Nice job, please add it to WP:ACST so it can be known to a wider audience.
--
Prokonsul Piotrus aka Piotr Konieczny |||____ __ __
I=I====__|_|I__I=>
"Lennier, get us the hell out of here." |||
"Initiating 'getting the hell out of here' maneuver."
-- Ivanova and Lennier in Babylon 5:"The Hour of the Wolf"
Daniel Kinzler wrote:
> My diploma thesis about a system to automatically build a multilingual thesaurus
> from wikipedia, "WikiWord", is finally done. I handed it in yesterday. My
> research will hopefully help to make Wikipedia more accessible for automatic
> processing, especially for applications natural languae processing, machine
> translation and information retrieval.
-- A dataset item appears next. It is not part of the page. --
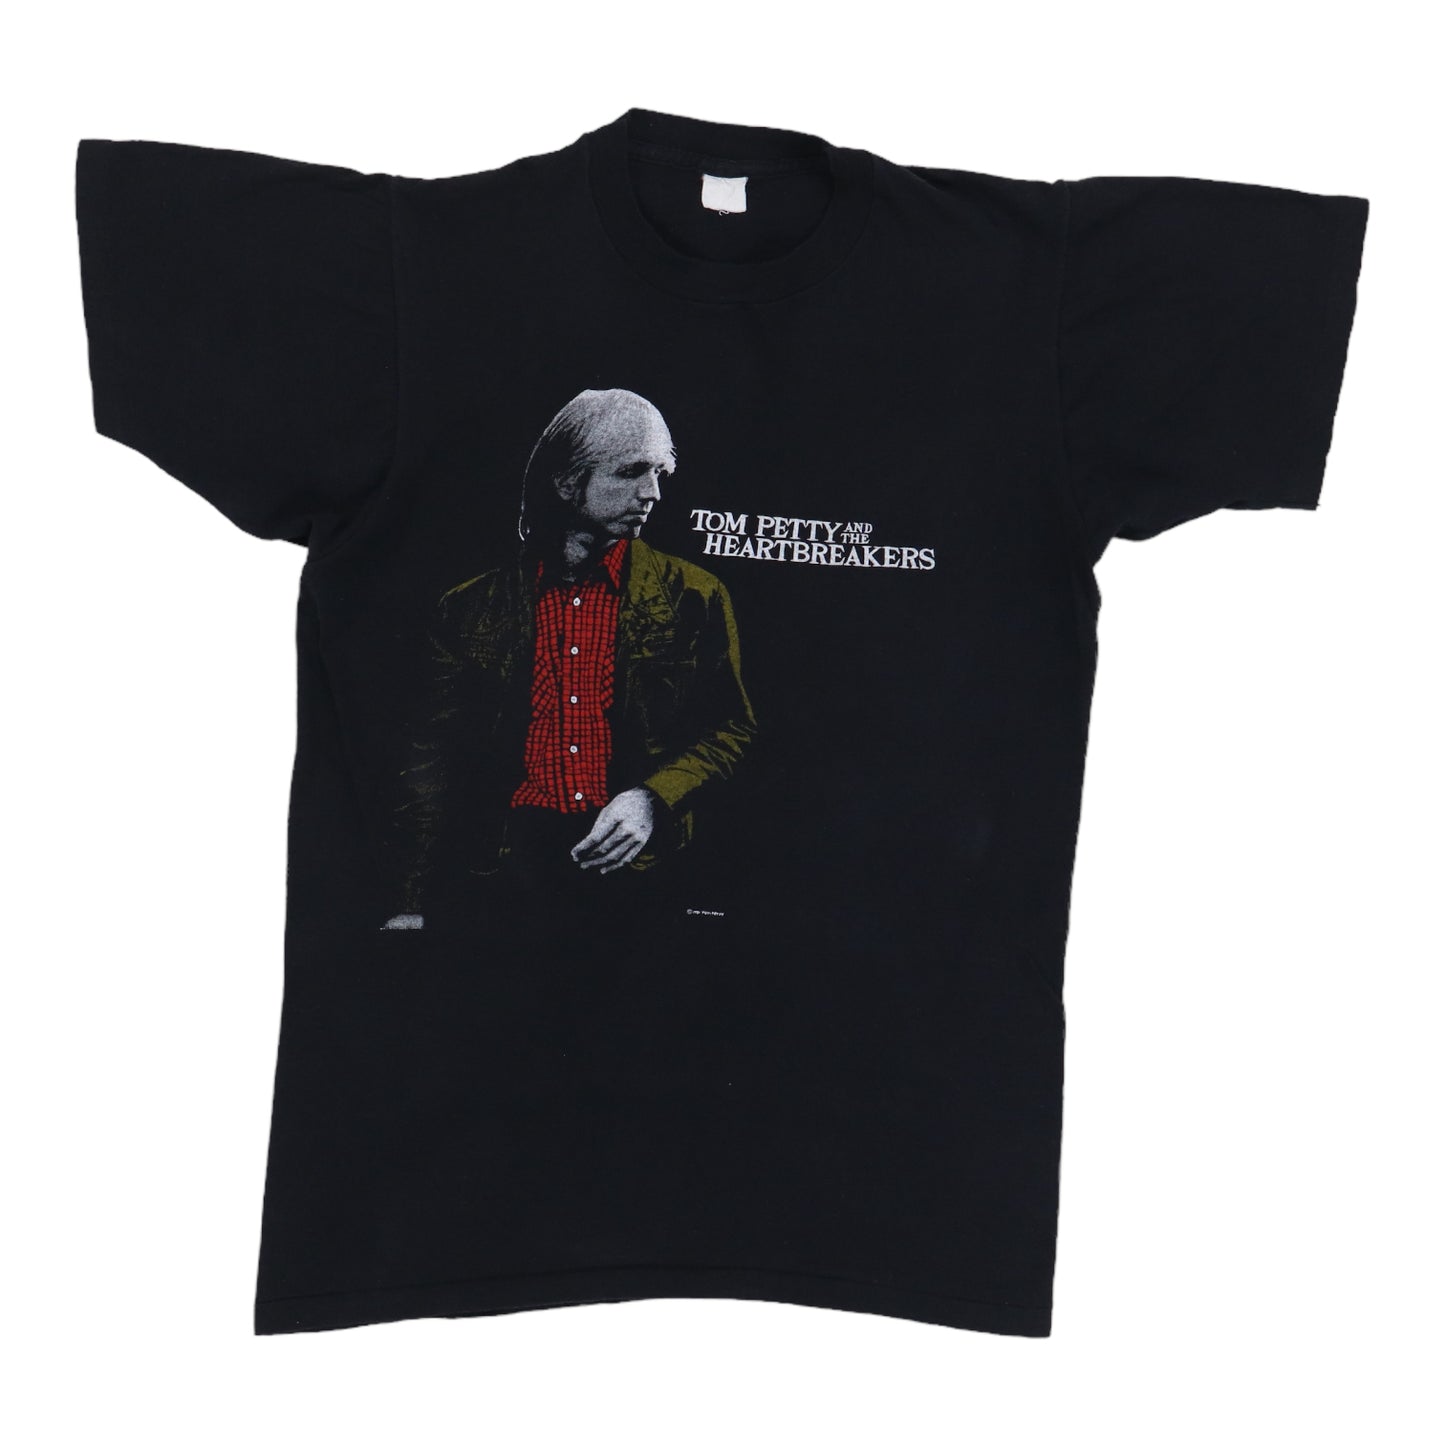 1981 Tom Petty And The Heartbreakers Tour Shirt

What this could mean for Wikipedia is:
> better search and conceptual navigation, tools for suggesting categories, and more.
>
> Here's the thesis (in German, i'm afraid):
http://brightbyte.de/DA/WikiWord.pdf
>
> Daniel Kinzler, "Automatischer Aufbau eines multilingualen Thesaurus durch
> Extraktion semantischer und lexikalischer Relationen aus der Wikipedia",
> Diplomarbeit an der Abteilung für Automatische Sprachverarbeitung, Institut
> für Informatik, Universität Leipzig, 2008.
>
> For the curious,
http://brightbyte.de/DA/ also contains source code and data.
> See
http://brightbyte.de/page/WikiWord for more information.
>
> Some more data is for now avialable at
>
http://aspra27.informatik.uni-leipzig.de/~dkinzler/rdfdumps/. This includes
> full SKOS dumps for en, de, fr, nl, and no covering about six million concepts.
>
> The thesis ended up being rather large... 220 pages thesis and 30k lines of
> code. I'm plannign to write a research paper in english soon, which will give an
> overview over WikiWord and what it can be used for.
>
> The thesis is licensed under the GFDL, WikiWord is GPL software. All data taken
> or derived from wikipedia is GFDL.